— Information given —

BEGIN

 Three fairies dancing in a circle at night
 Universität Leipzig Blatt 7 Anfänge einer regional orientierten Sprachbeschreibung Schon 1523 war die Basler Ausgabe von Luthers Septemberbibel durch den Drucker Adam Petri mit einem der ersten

END
BEGIN

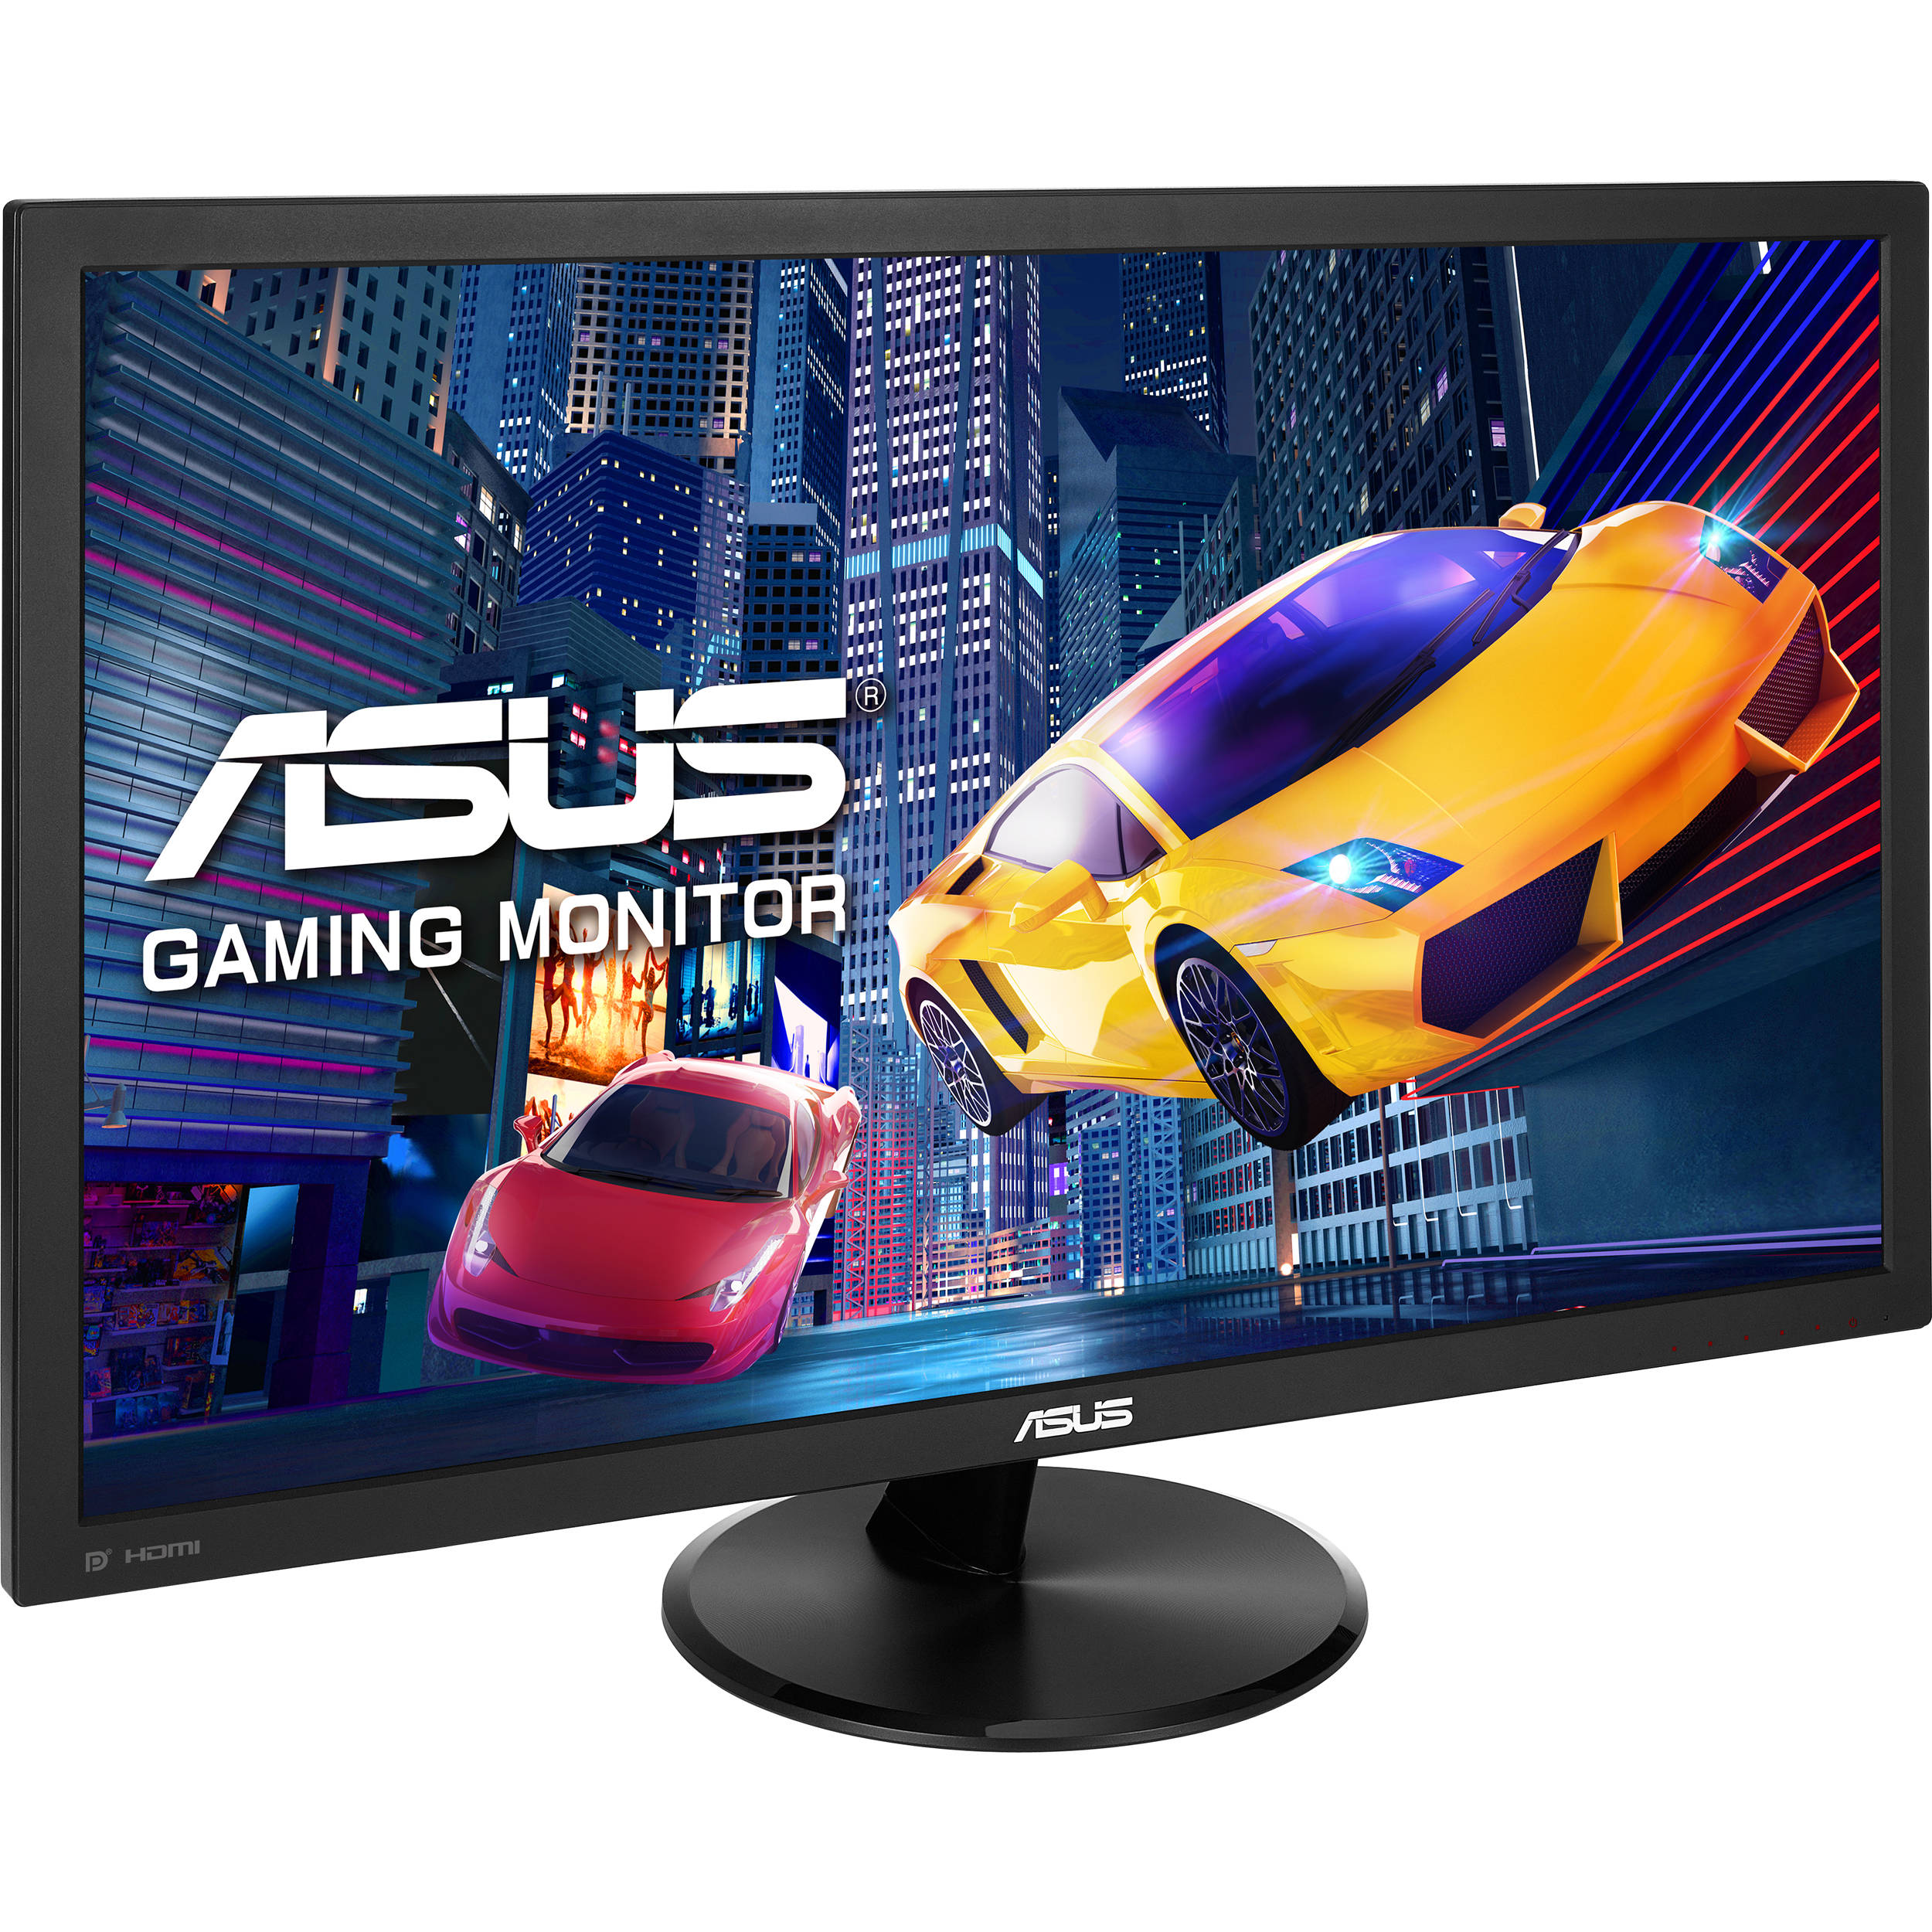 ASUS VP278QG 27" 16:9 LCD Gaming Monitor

END

— Work request —
Retype word for word everything in the listing above from the line that holds "Three fairies dancing in a circle at night" down to the line that holds "Universität Leipzig Blatt". Keep both end lines and leave out the rest.

— Answer space —
 Three fairies dancing in a circle at night
 Universität Leipzig Blatt 7 Anfänge einer regional orientierten Sprachbeschreibung Schon 1523 war die Basler Ausgabe von Luthers Septemberbibel durch den Drucker Adam Petri mit einem der ersten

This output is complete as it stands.